* [TASK DETAILS]: Nothing but a verbatim copy of the data, minus the images, should be returned.
Top of EXERCISE DATA
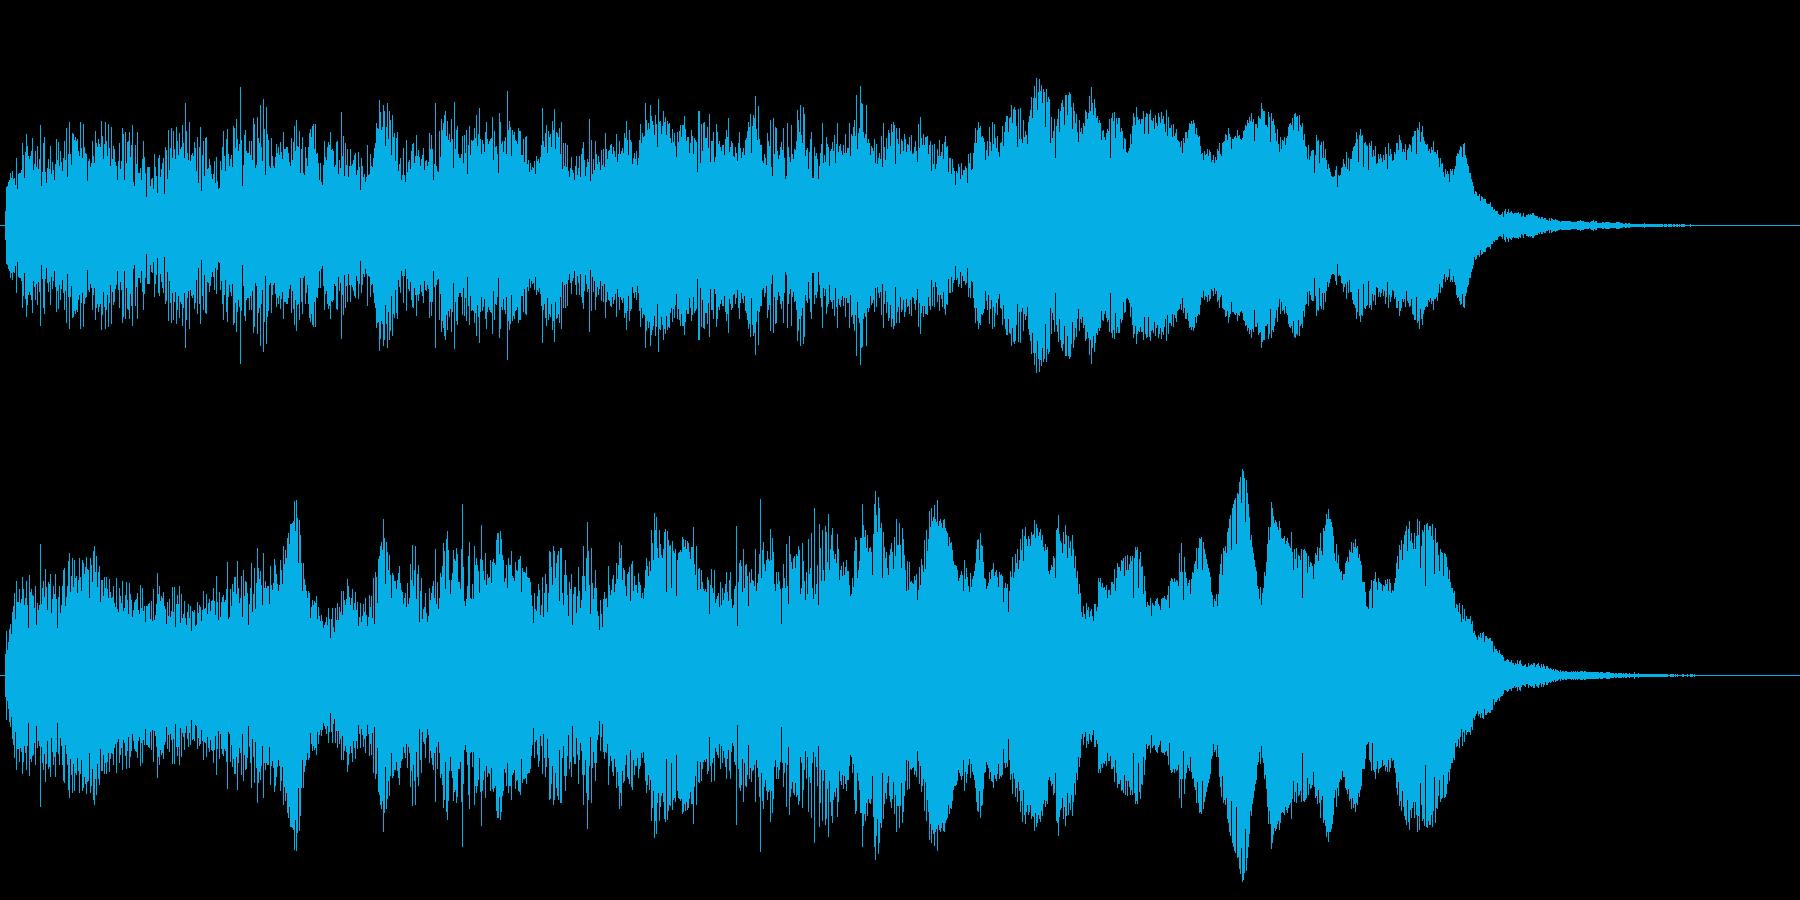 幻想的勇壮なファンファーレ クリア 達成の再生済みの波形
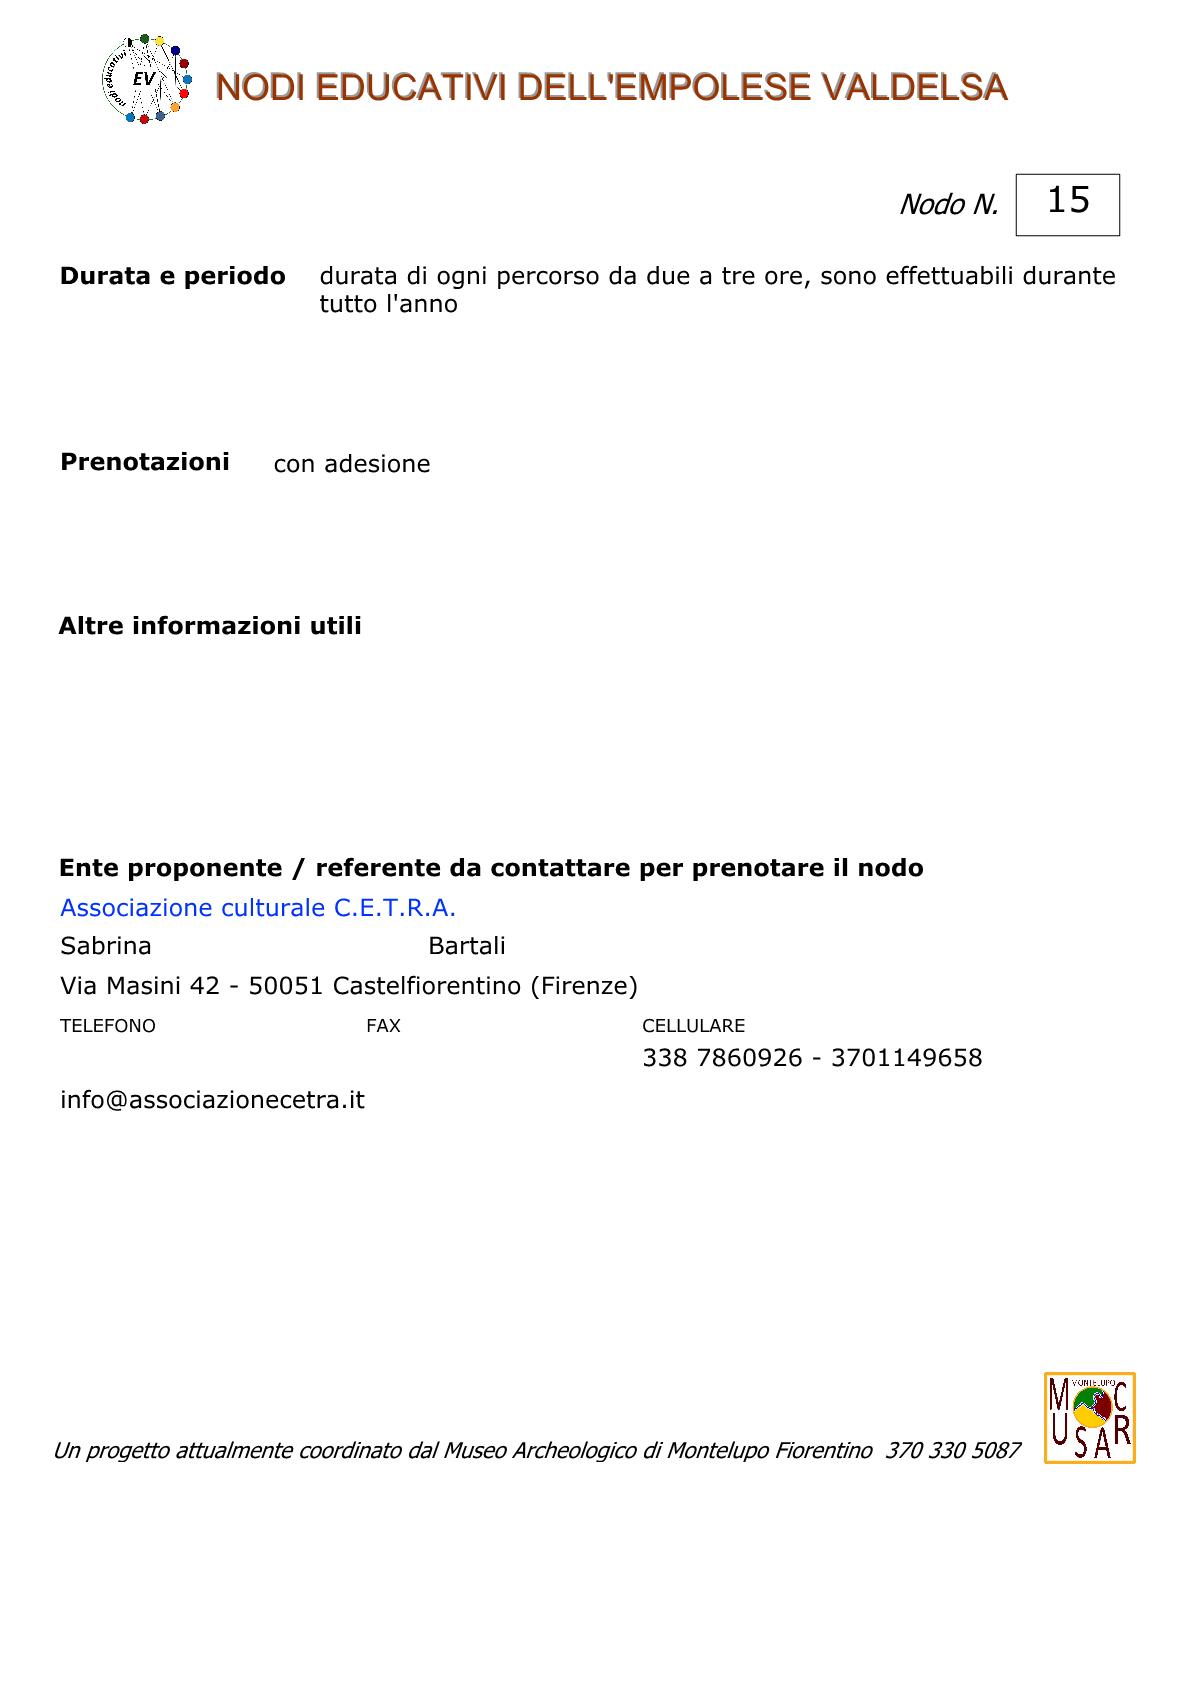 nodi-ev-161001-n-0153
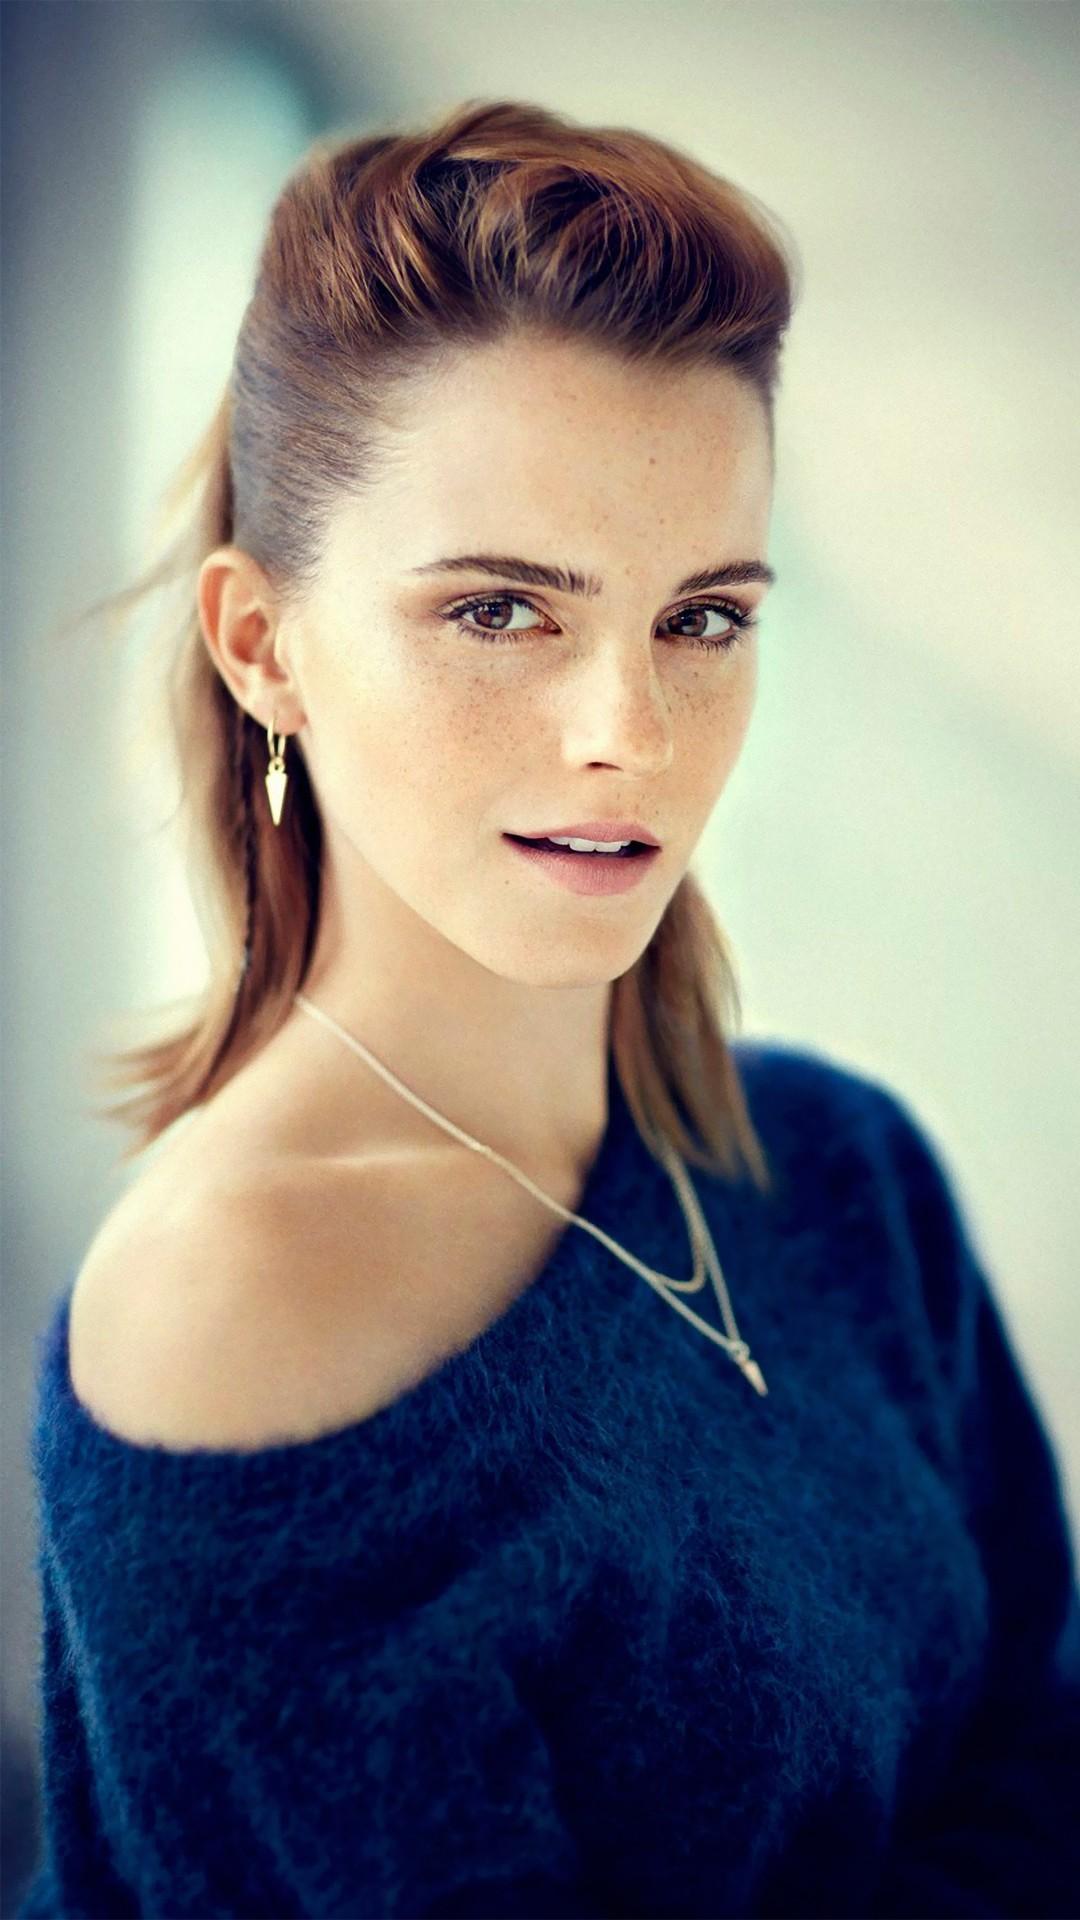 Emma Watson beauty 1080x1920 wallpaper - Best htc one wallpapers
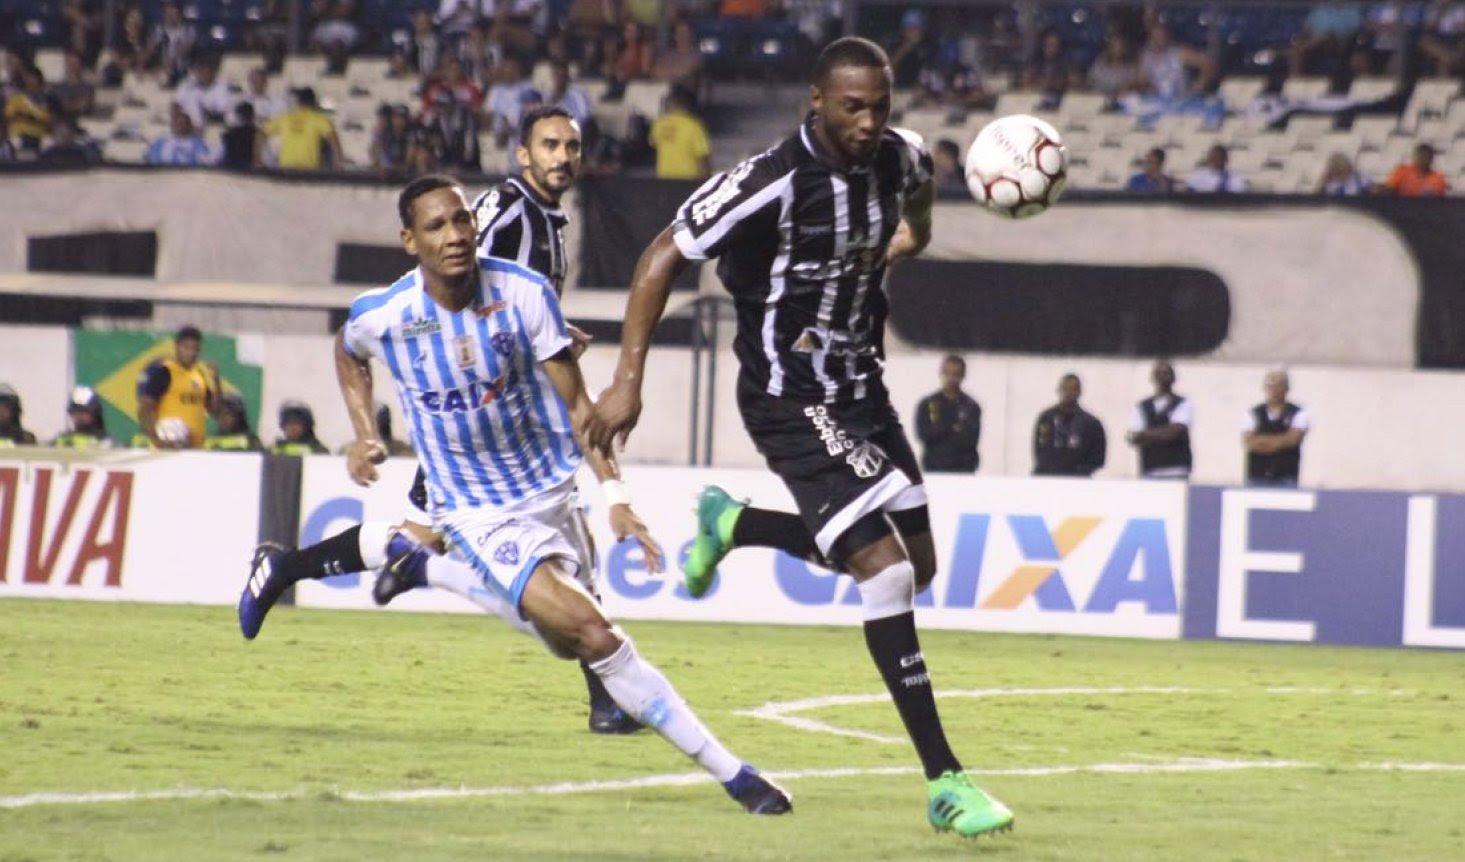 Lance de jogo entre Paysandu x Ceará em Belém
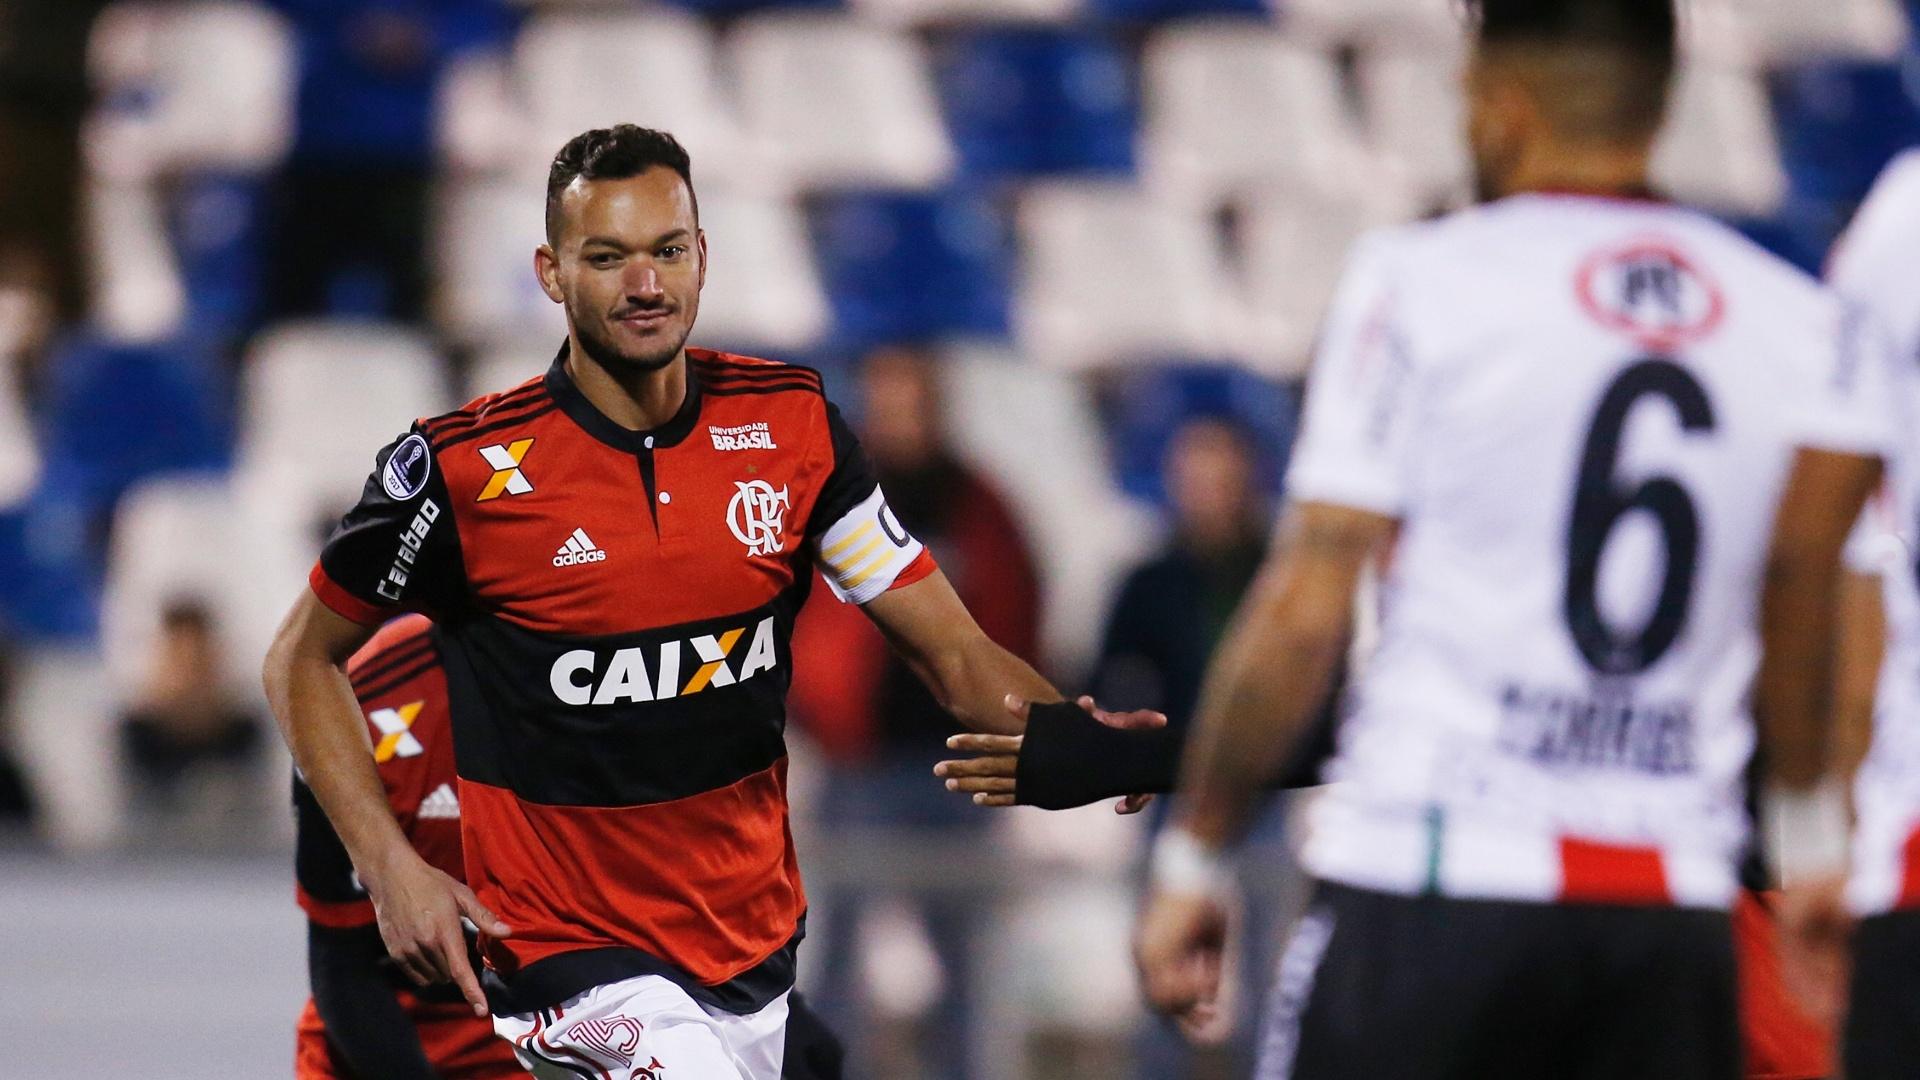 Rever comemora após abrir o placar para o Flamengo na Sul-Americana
Bottom of EXERCISE DATA
* [TASK SOLUTION]:
 幻想的勇壮なファンファーレ クリア 達成の再生済みの波形
 nodi-ev-161001-n-0153
 Emma Watson beauty 1080x1920 wallpaper - Best htc one wallpapers
 Lance de jogo entre Paysandu x Ceará em Belém
 Rever comemora após abrir o placar para o Flamengo na Sul-Americana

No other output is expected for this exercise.